■ DATASET ENTRIES ■
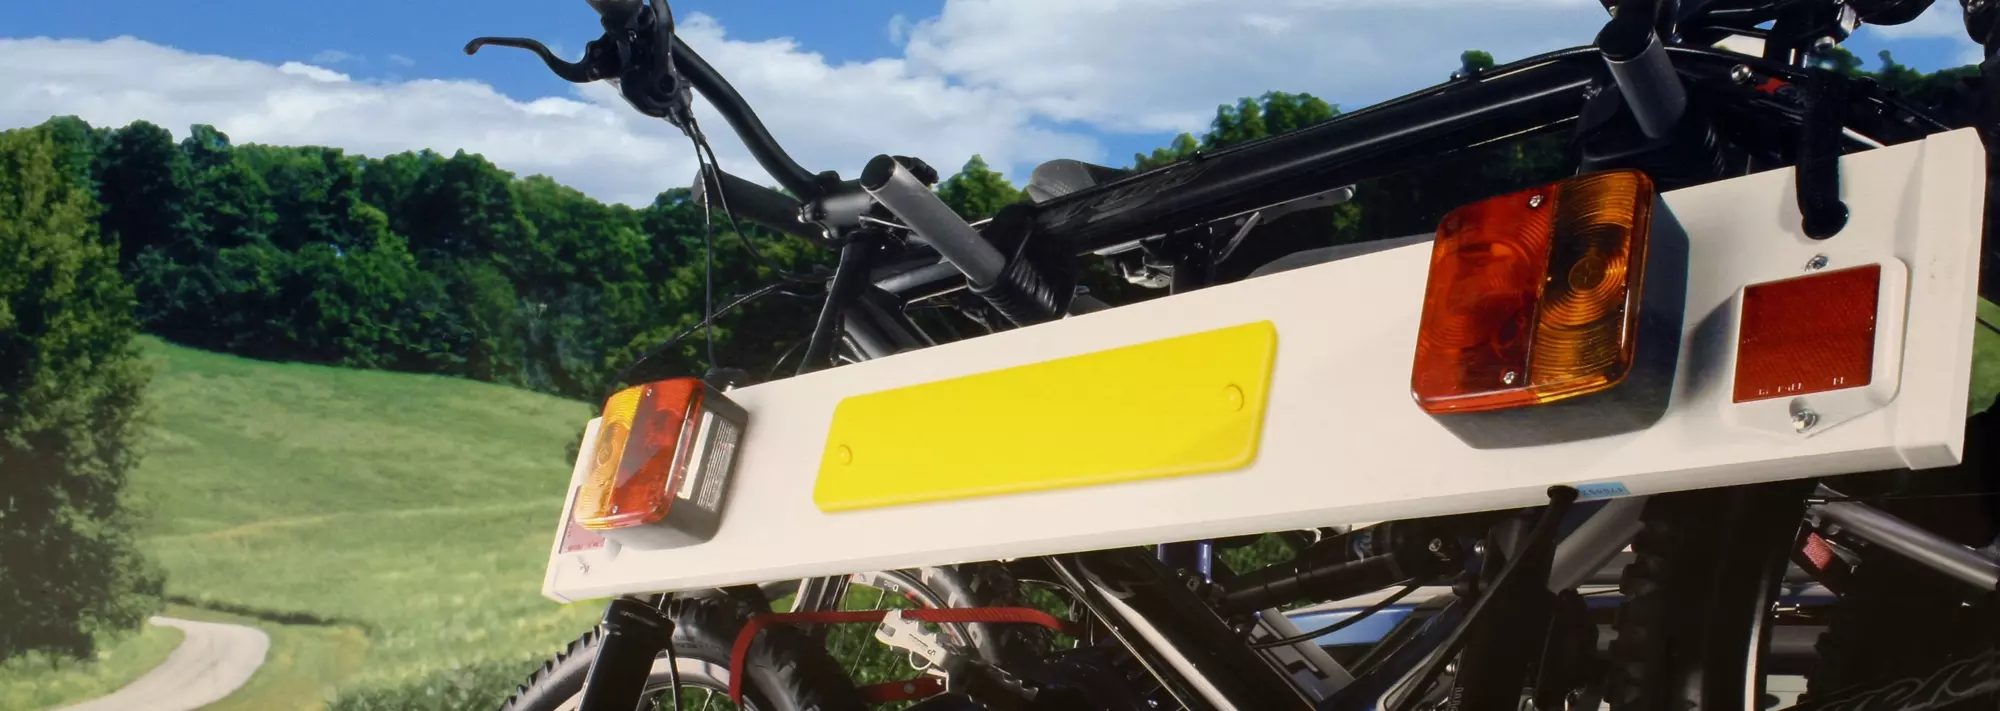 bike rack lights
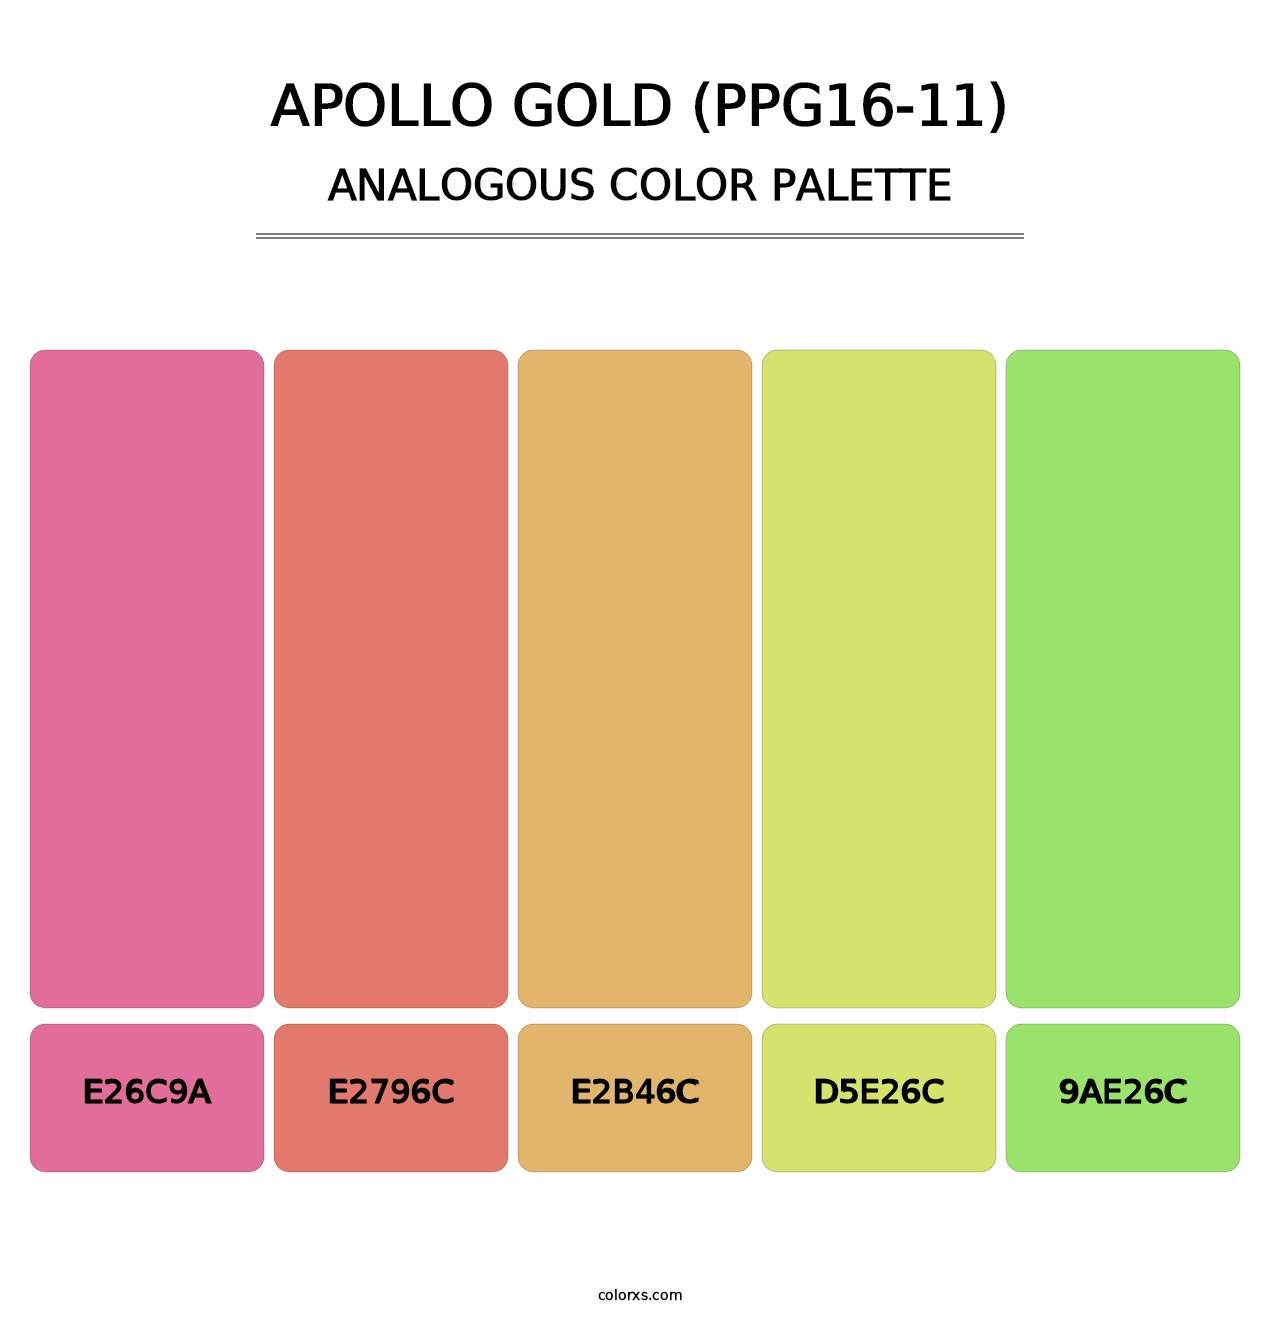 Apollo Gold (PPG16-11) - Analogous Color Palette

* * *

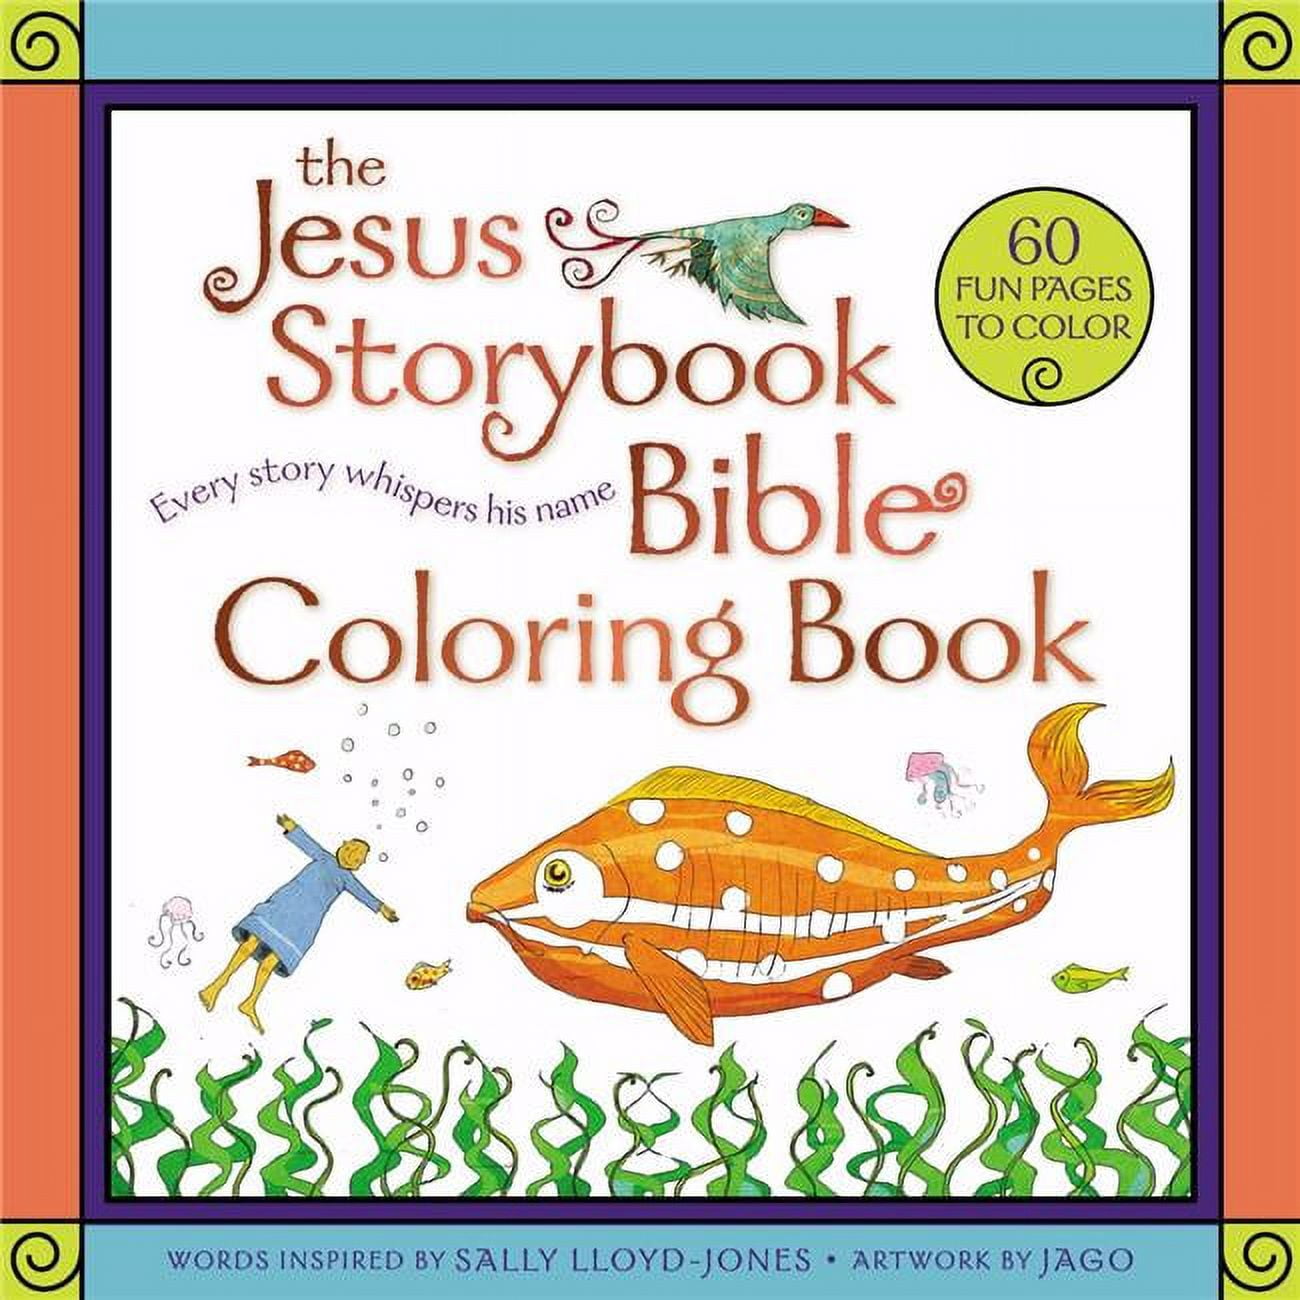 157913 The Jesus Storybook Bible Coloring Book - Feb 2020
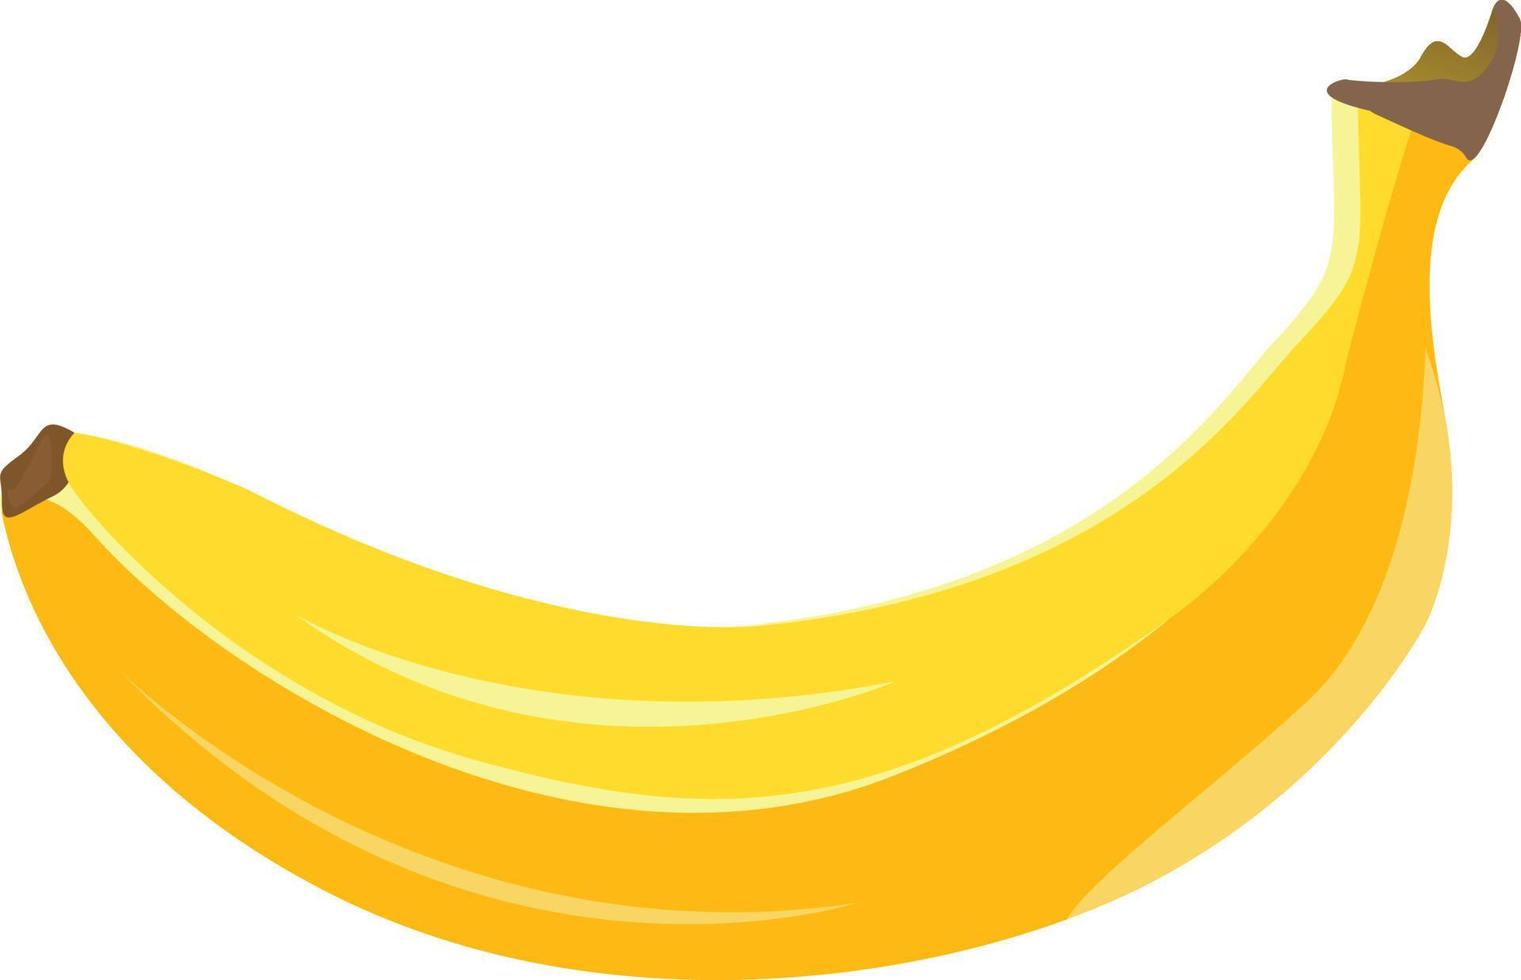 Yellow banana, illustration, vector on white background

■ TASK ITEM ■
Text only, no pictures: please print exactly the lines above from the line with "157913 The Jesus" up to and including the line with "Yellow banana, illustration, vector", and nothing else.

■ EXERCISE SOLUTION ■
 157913 The Jesus Storybook Bible Coloring Book - Feb 2020
 Yellow banana, illustration, vector on white background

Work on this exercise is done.